= Beginning of Section =

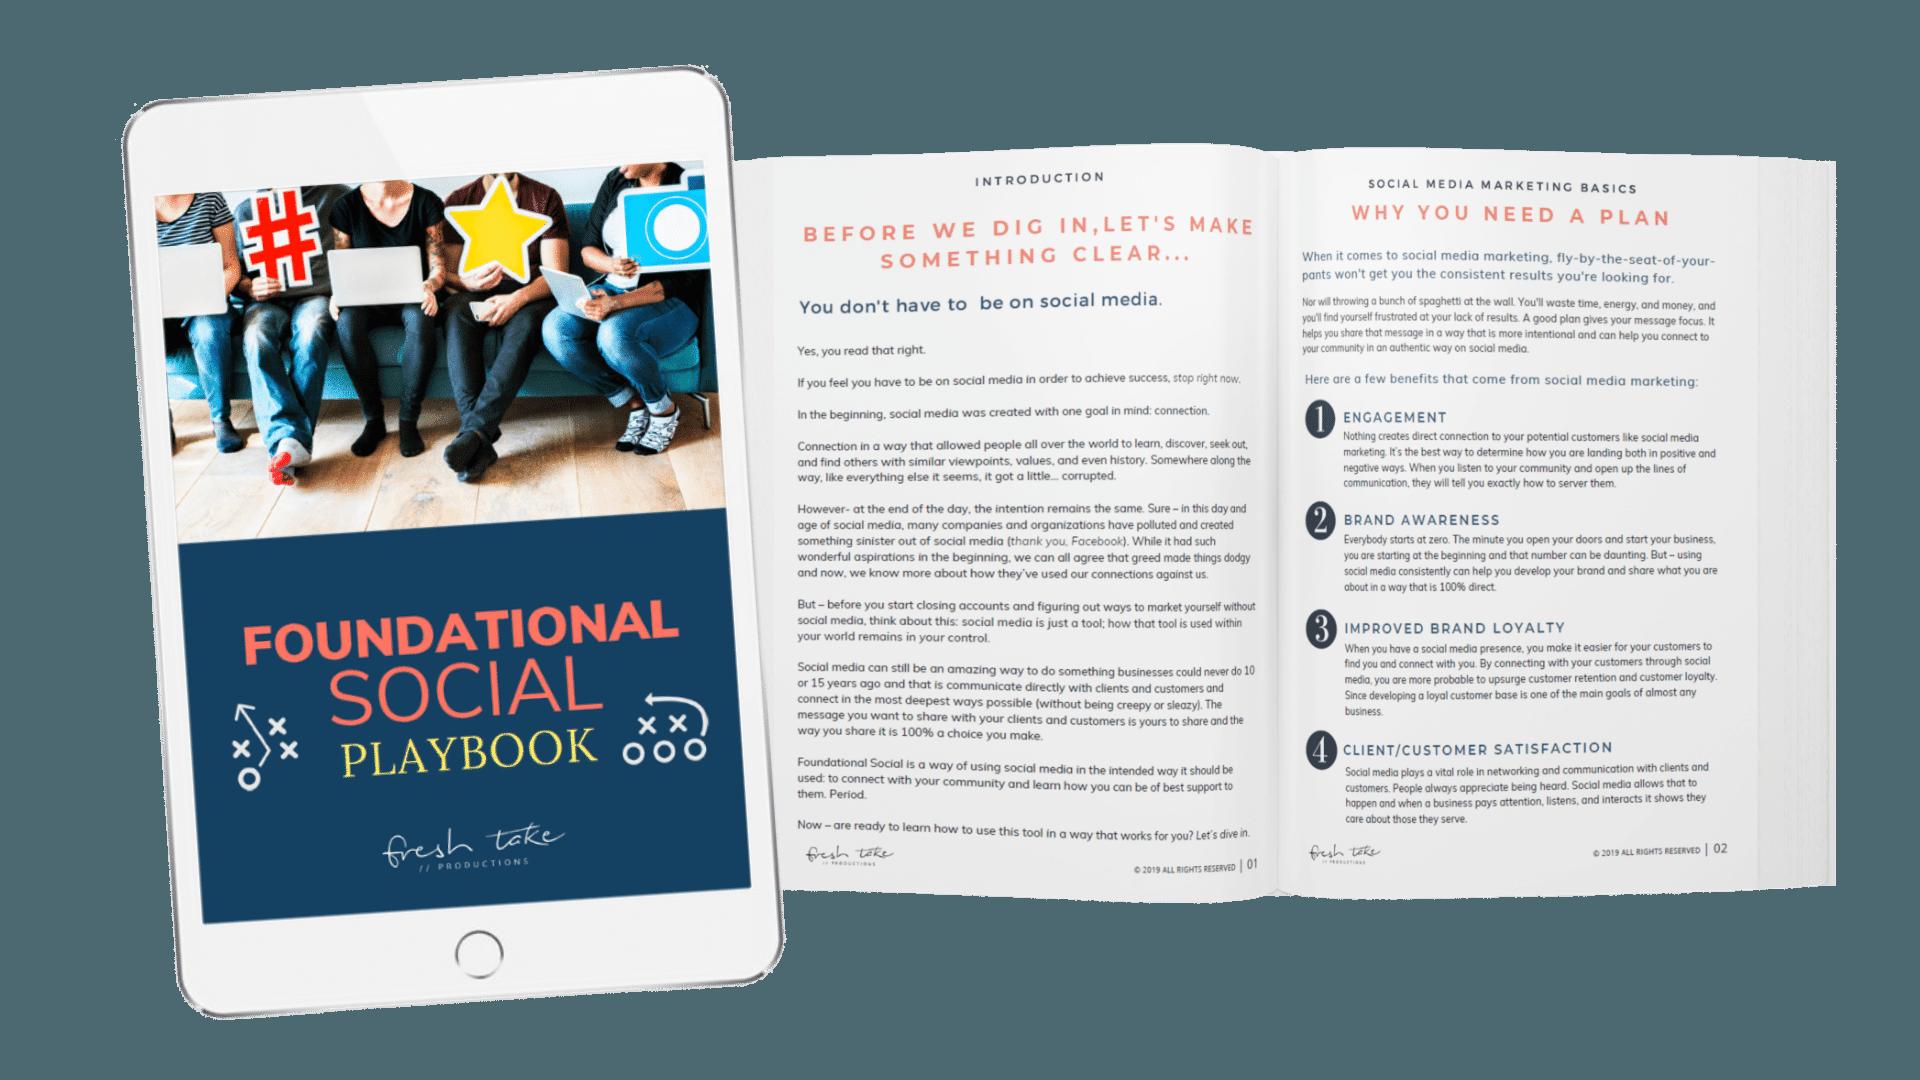 foundational social
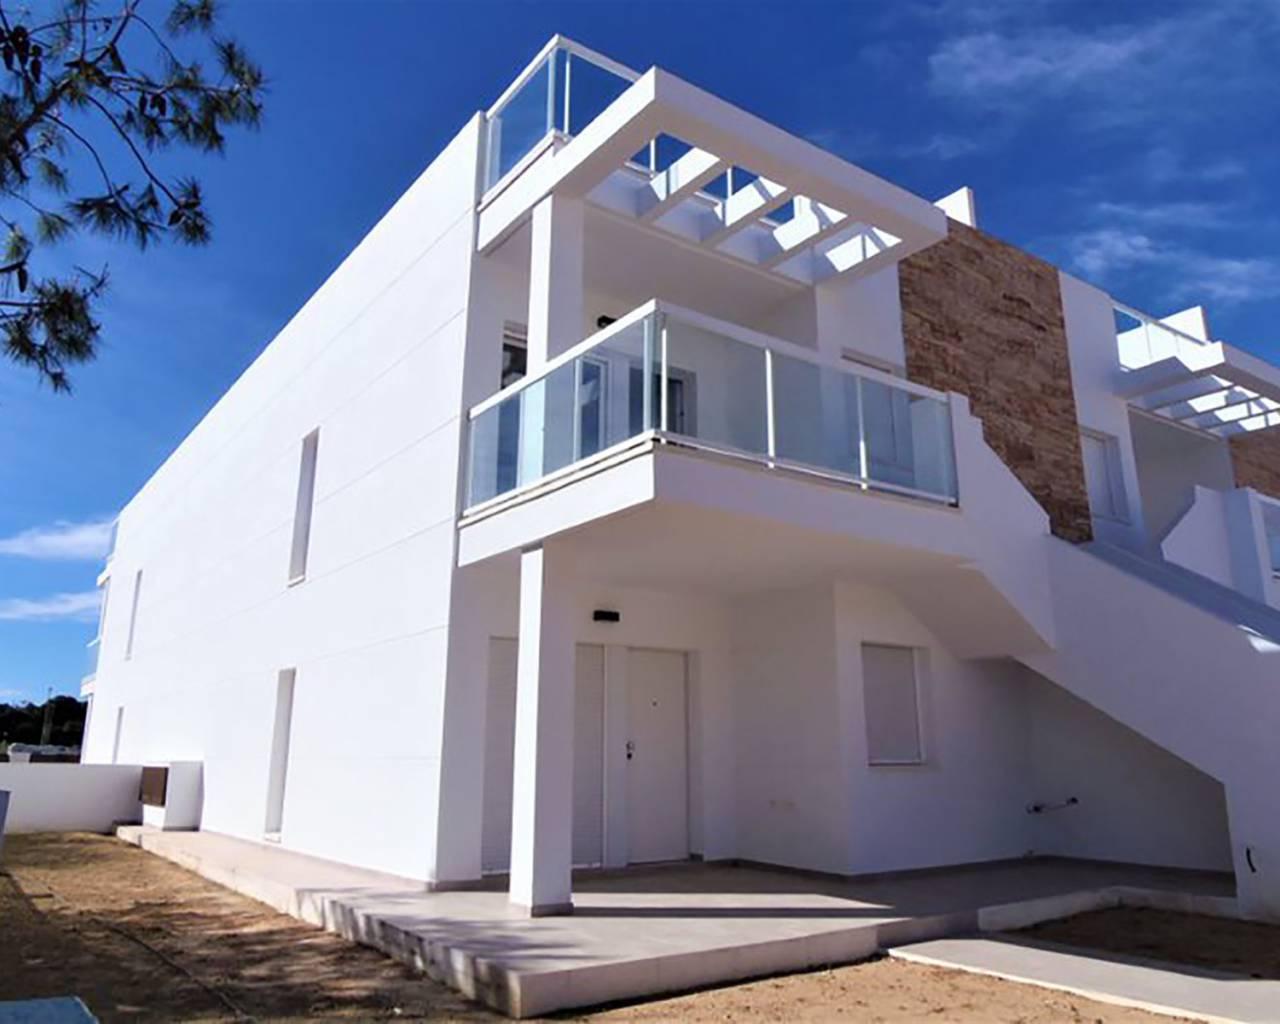 nieuwbouw-appartement-san-pedro-del-pinatar-lo-pagan_2998_xl
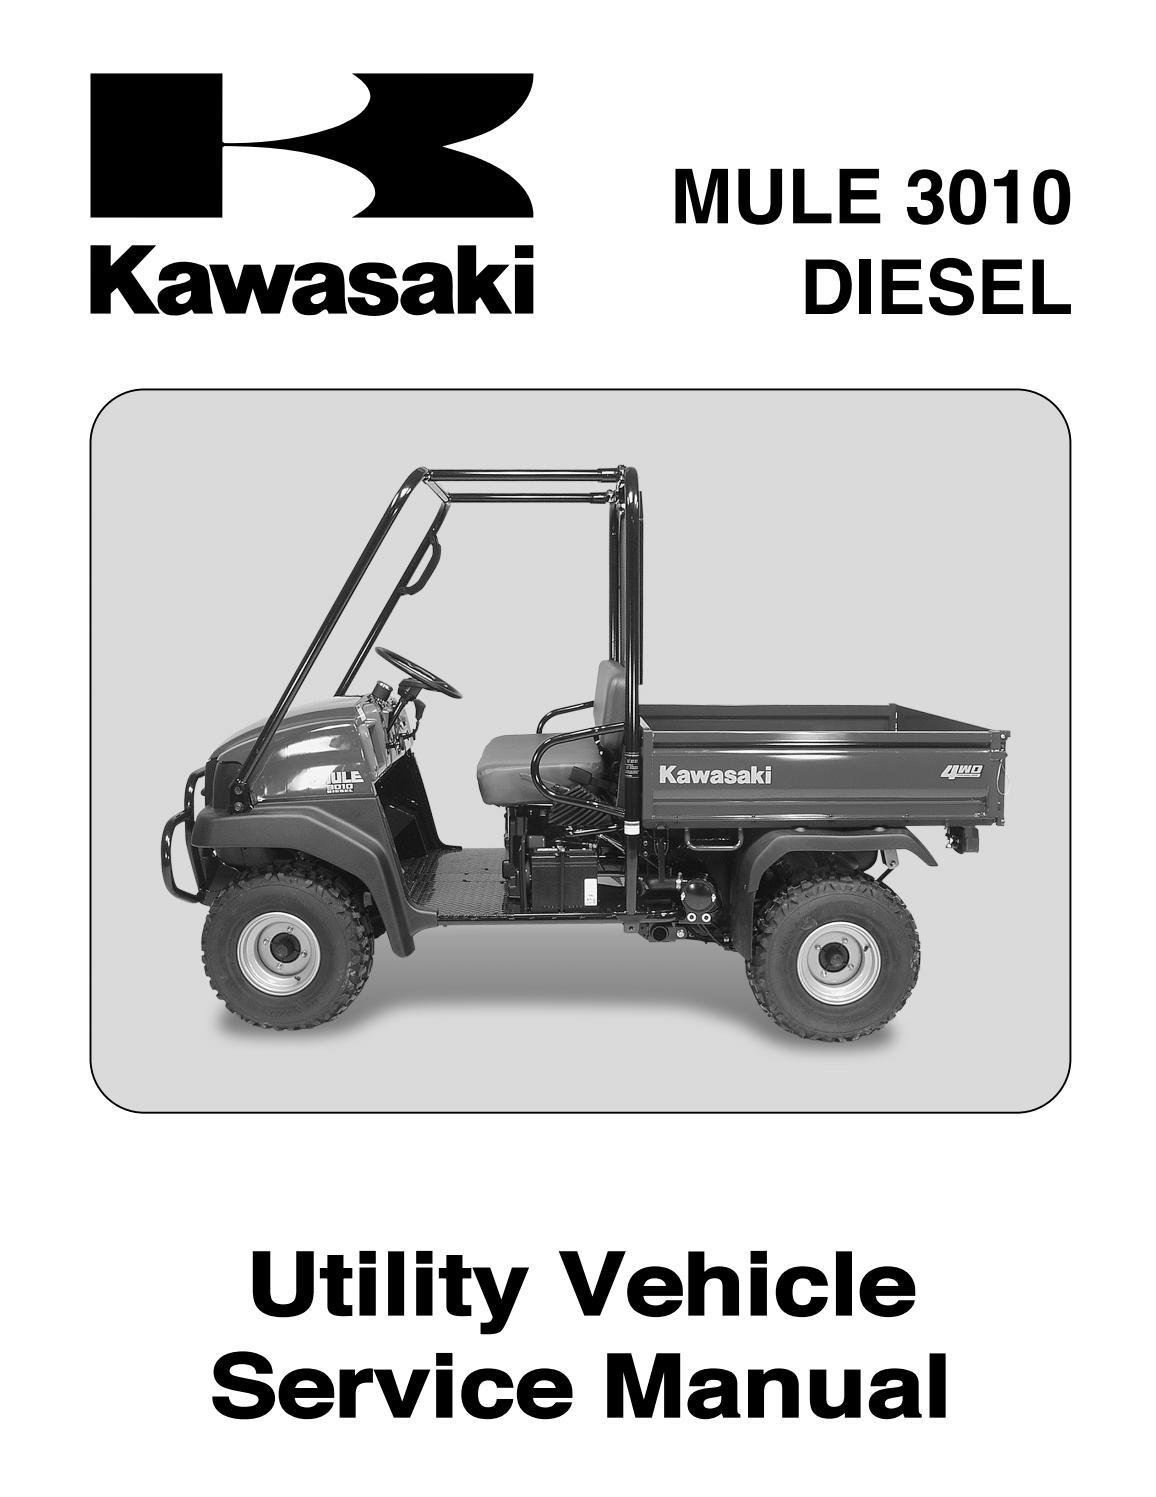 Kawasaki Mule 3010 Diesel Oil Filter

= End of Section =

> _Work item_: Transcribe every line of the data exactly. No pictures go in the copy.

> _Answer to the problem_:
 foundational social
 nieuwbouw-appartement-san-pedro-del-pinatar-lo-pagan_2998_xl
 Kawasaki Mule 3010 Diesel Oil Filter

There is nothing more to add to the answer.